И вдруг, когда мне было тринадцать с половиной – седая древность по сравнению с десятью с половиной Ранди, – оно вдруг началось. Мы в это время были на «Ile de France»[436] в середине Атлантики, возвращались en famille[437] из катастрофически дорогого, хотя и вычитаемого из налогооблагаемой базы, европейского путешествия.

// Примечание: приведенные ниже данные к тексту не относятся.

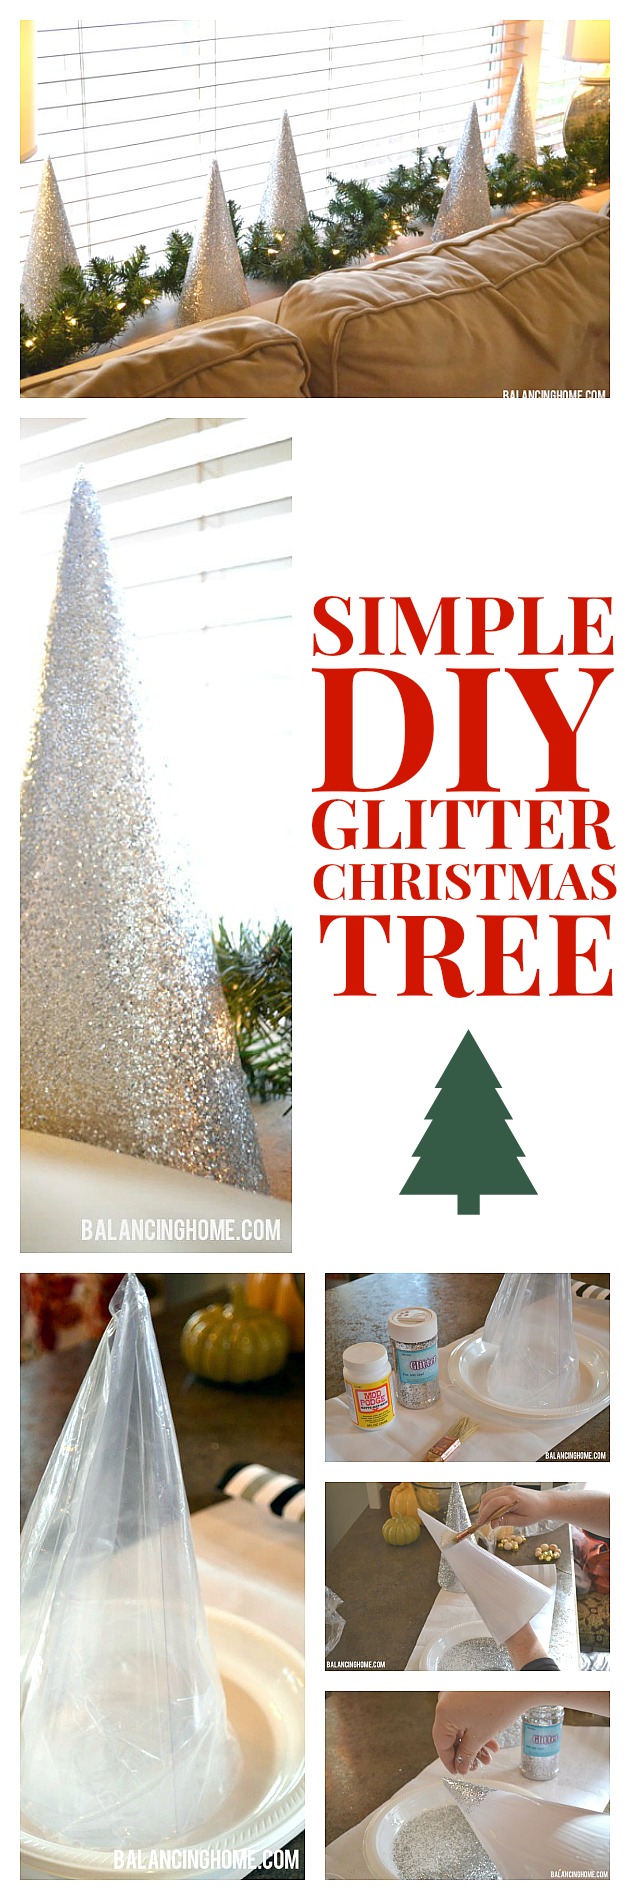 So simple--the kids could do it. DIY glitter Christmas tree for a fraction of the cost.

Мы вчетвером делили каюту где-то неподалеку от шумной машины, у родителей была каюта на палубе, и внезапно на расстоянии двух с половиной дней пути от Гавра я превратилась в женщину. Лала и Хлоя, которые спят на двухэтажной койке, вроде не должны понимать в таких вещах, они еще, как считает мать, слишком маленькие, а потому мы с Ранди как две заговорщицы отправляемся в корабельную аптеку за необходимым товаром и начинаем обшаривать каюту в поисках места, куда бы это можно было спрятать. Я, конечно, так рада новой игрушке и новому ощущению взрослости, что меняю свой «котекс» по двенадцать раз на день, и расходую запасы чуть ли не быстрее, чем покупаю. И момент истины наступает, когда стюард, замученный француз с лицом Фернанделя[438] и нравом кардинала Ришелье, обнаруживает, что унитаз, забитый прокладками до упора, засорился и перетекает. До этого момента менструация особо мне не мешала. И только когда стюард, который явно не был в восторге оттого, что ему нужно было убирать каюту, больше напоминавшую девичью спальню, начал орать на меня, я вступила в ряды потенциальных радикалов.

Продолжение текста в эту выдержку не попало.